A planned strike by thousands of unionized dockworkers along the East and Gulf Coasts could reportedly upend the economy.

At issue is the International Longshoremen’s Union, which is demanding “significantly higher wages and a total ban on the automation of cranes, gates and container movements that are used in the loading or loading of freight at 36 U.S. ports,” according to CBS News.

The latter requirement is designed to prevent their jobs from being outsourced to machines.

If an agreement isn’t reached by Oct. 1st, the union intends to strike.

“If a strike were resolved within a few weeks, consumers probably wouldn’t notice any major shortages of retail goods,” CBS News notes.

However, a lengthier strike — which is typical — could lead to noticeable shortages and tangible economic harm.

“A prolonged strike would almost certainly hurt the U.S. economy,” CBS News admits. “Even a brief strike would cause disruptions. Heavier vehicular traffic would be likely at key points around the country as cargo was diverted to West Coast ports, where workers belong to a different union not involved in the strike.”

“And once the longshoremen’s union eventually returned to work, a ship backlog would likely result. Experts say it takes four to six days to clear up every day of a port strike,” according to CBS News.

Speaking with Fox Business Network, National Retail Federation (NRF) Vice President of Supply Chain and Customs Policy Jonathan Gold echoed CBS’ reporting.

“The global supply chain is a complex system and even a minor disruption would have a negative impact and cause delays at a critical time for both retailers and consumers,” he said.

The only good news, he added, is that many retailers are already working to “mitigate the potential impact of a strike by bringing in products earlier or shifting products to the West Coast.”

The NRF and a group of 177 total trade associations have reportedly written multiple letters to the Biden-Harris administration asking the president to effectively block the strike because a “strike at this point in time would have a devastating impact on the economy, especially as inflation is on the downward trend.”

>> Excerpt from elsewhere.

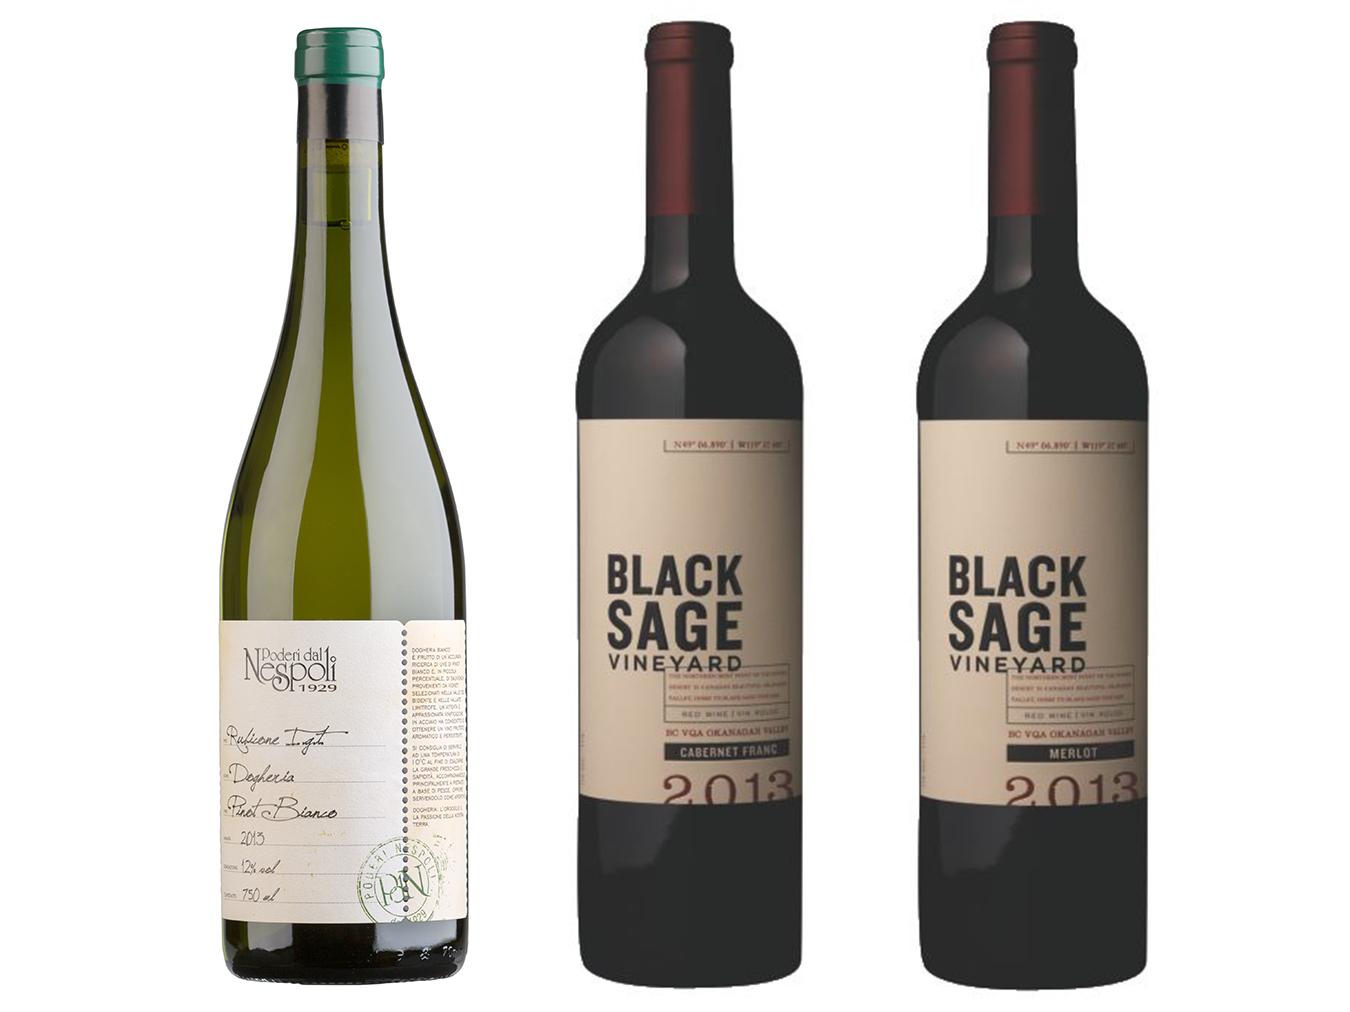 MONTE Blog: Wine Wednesday Poderi dal Nespoli Dogheria, Black Sage Vineyard Merlot, and Cabernet Franc

“At this critical juncture, it is imperative that the parties return to the table without engaging in disruptive activities that could harm the economy and the millions of businesses, workers, and consumers who rely on the seamless flow of goods, both imports and exports, through our East Coast and Gulf Coast ports,” one of their letters reads.

But as is typical of President Joe Biden, whom the evidence shows is beholden to the unions, he refuses to intervene.

“U.S. President Joe Biden does not intend to invoke a federal law to prevent a port strike on the East Coast and Gulf of Mexico if dockworkers fail to secure a new labor contract by an Oct. 1 deadline,” Reuters reported, citing an administration official.

Complicating matters for Biden is that the union wants nothing to do with him in regard to the ongoing negotiations.

“The Biden administration played a role in last year’s final negotiations between terminal employers and the International Longshore and Warehouse Union on the West Coast,” according to Lloyd’s List. “But in the case of the east and Gulf coast contract, the union is blocking federal government participation.”

“We [are not] interested in any help from outside agencies to interfere in our negotiations with USMX [US Maritime Alliance, the terminal employers]. This includes the Biden administration and the Department of Labor,” Union President Harold Daggett said in a statement back in July.

USMX, the company the union was negotiating with, said Tuesday that it’s “in strong agreement with the 177 trade associations who are calling for the immediate resumption of negotiations with the ILA.”

“It is disappointing that we have reached this point where the ILA is unwilling to reopen dialogue unless all of its demands are met,” the statement continues. “We call on the ILA to return to bargaining so we can reach a new deal before the expiration of our current agreement, something we continue to believe is possible if the other side is willing to meet.”